- Alternative names: Maldandi jowar
- Description: Mangalwedha jowar is a sorghum variety cultivated in Maharashtra
- Type: Jowar
- Area: Mangalwedha, Solapur district
- Country: India
- Registered: 31 March 2016
- Official website: ipindia.gov.in

= Mangalwedha jowar =

Variety of sorghum from Maharashtra, India

Mangalwedha jowar is a variety of sorghum cultivated in the Indian state of Maharashtra. Maldandi jowar is traditional variety of grain and widely cultivated crop in the Mangalwedha taluka of Solapur district. ICRISAT developed several new varieties by incorporating genes from the Mangalwedha Maldandi (M-35-1) strain.

Under its Geographical Indication tag, it is referred to as "Mangalwedha jowar".

==Name==
Mangalwedha jowar is a prized crop in Mangalwedha taluka and so named after it. It is locally known as "Maldandi jowar".

== Description ==
Mangalwedha Jowar is a variety of sorghum known for its sweet taste and nutritional value. It has bold, lustrous grains with thin pericarp and offers high grain and fodder yield and quality. This variety contains a high percentage of glucose compared to other types of Jowar.

Mangalwedha Jowar has been cultivated for several hundred years for grain and fodder use. It is grown under receding soil moisture after the rains and has low temperature tolerance. It also has inherent traits that save it from insects and diseases.

In 1930, Mangalwedha Jowar was selected at the Mohol Research Centre to develop hybrid varieties of Jowar. Several varieties were developed at ICRISAT incorporating genes from Mangalwedha Maldandi.

Mangalwedha Jowar dominates the post-monsoon season sorghum areas in India. The roti made from Mangalwedha Jowar is considered to be of high quality in terms of taste and softness due to its rich gluten content. Farmers also report that the milk of cows and buffaloes contains high fat content after consuming Maldandi Fodder, resulting in higher market prices. Additionally, farmers do not use pesticides or fungicides for Mangalwedha Jowar as it is resistant to diseases and pests.

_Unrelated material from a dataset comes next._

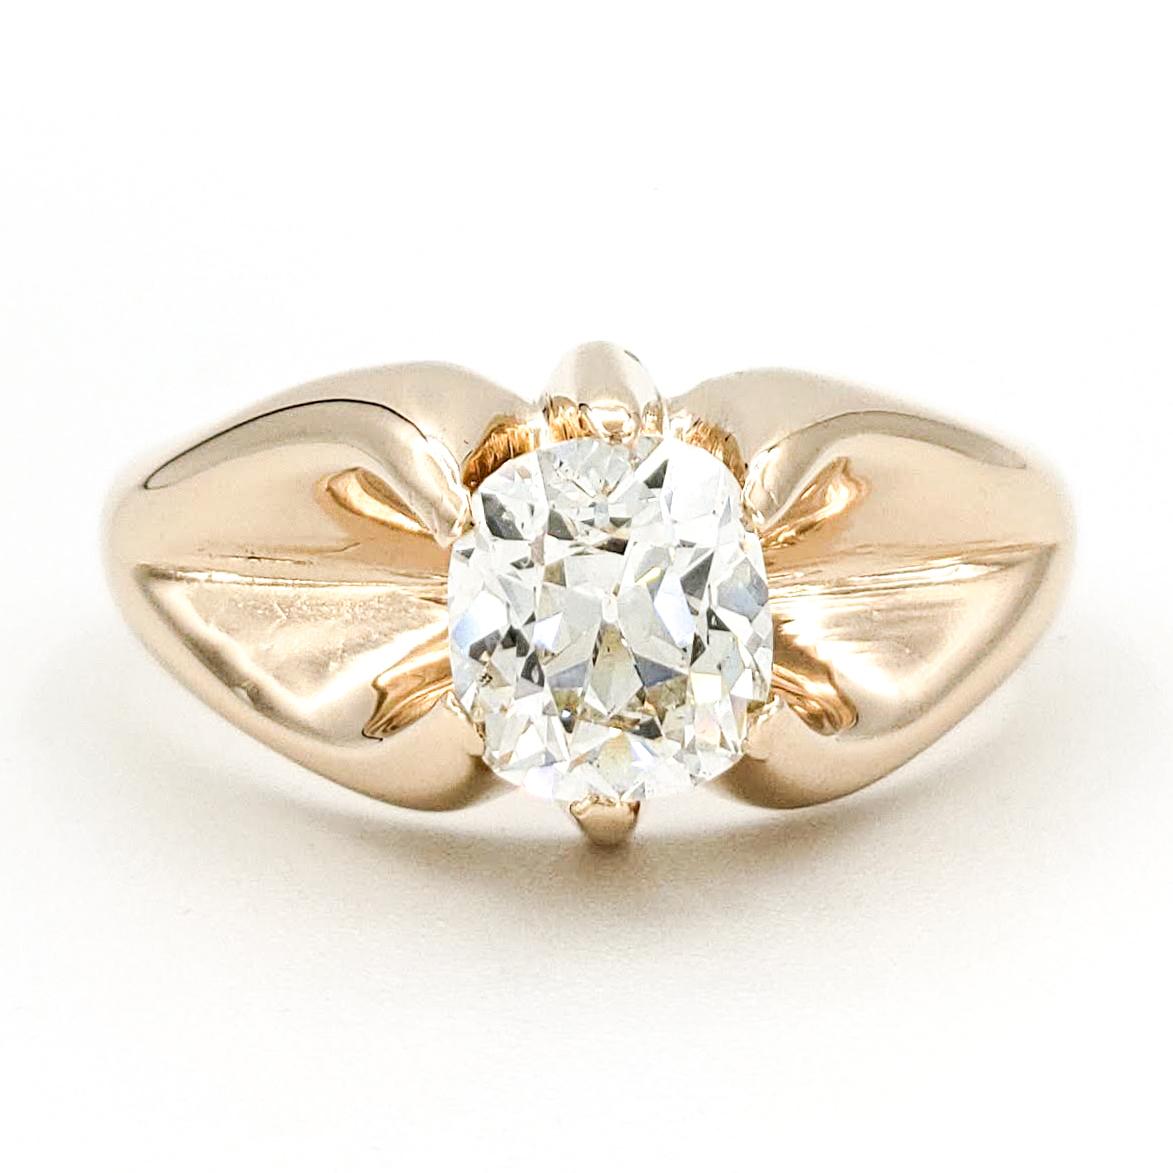 vintage-14-karat-gold-engagement-ring-with-1-13-carat-old-mine-cut-diamond-egl-g-si2

==Geographical indication==
It was awarded the Geographical Indication (GI) status tag from the Geographical Indications Registry, under the Union Government of India, on 31 March 2016 and is valid until 28 April 2030.

Maldandi Jowar Vikas Sangh from Mangalwedha, proposed the GI registration of Mangalwedha jowar. After filing the application in March 2014, the jowar was granted the GI tag in 2016 by the Geographical Indication Registry in Chennai, making the name "Mangalwedha jowar" exclusive to the jowar crop grown in the region. It thus became the first jowar variety from Maharashtra and the 12th type of goods from Maharashtra to earn the GI tag.

The GI tag protects the jowar from illegal selling and marketing, and gives it legal protection and a unique identity.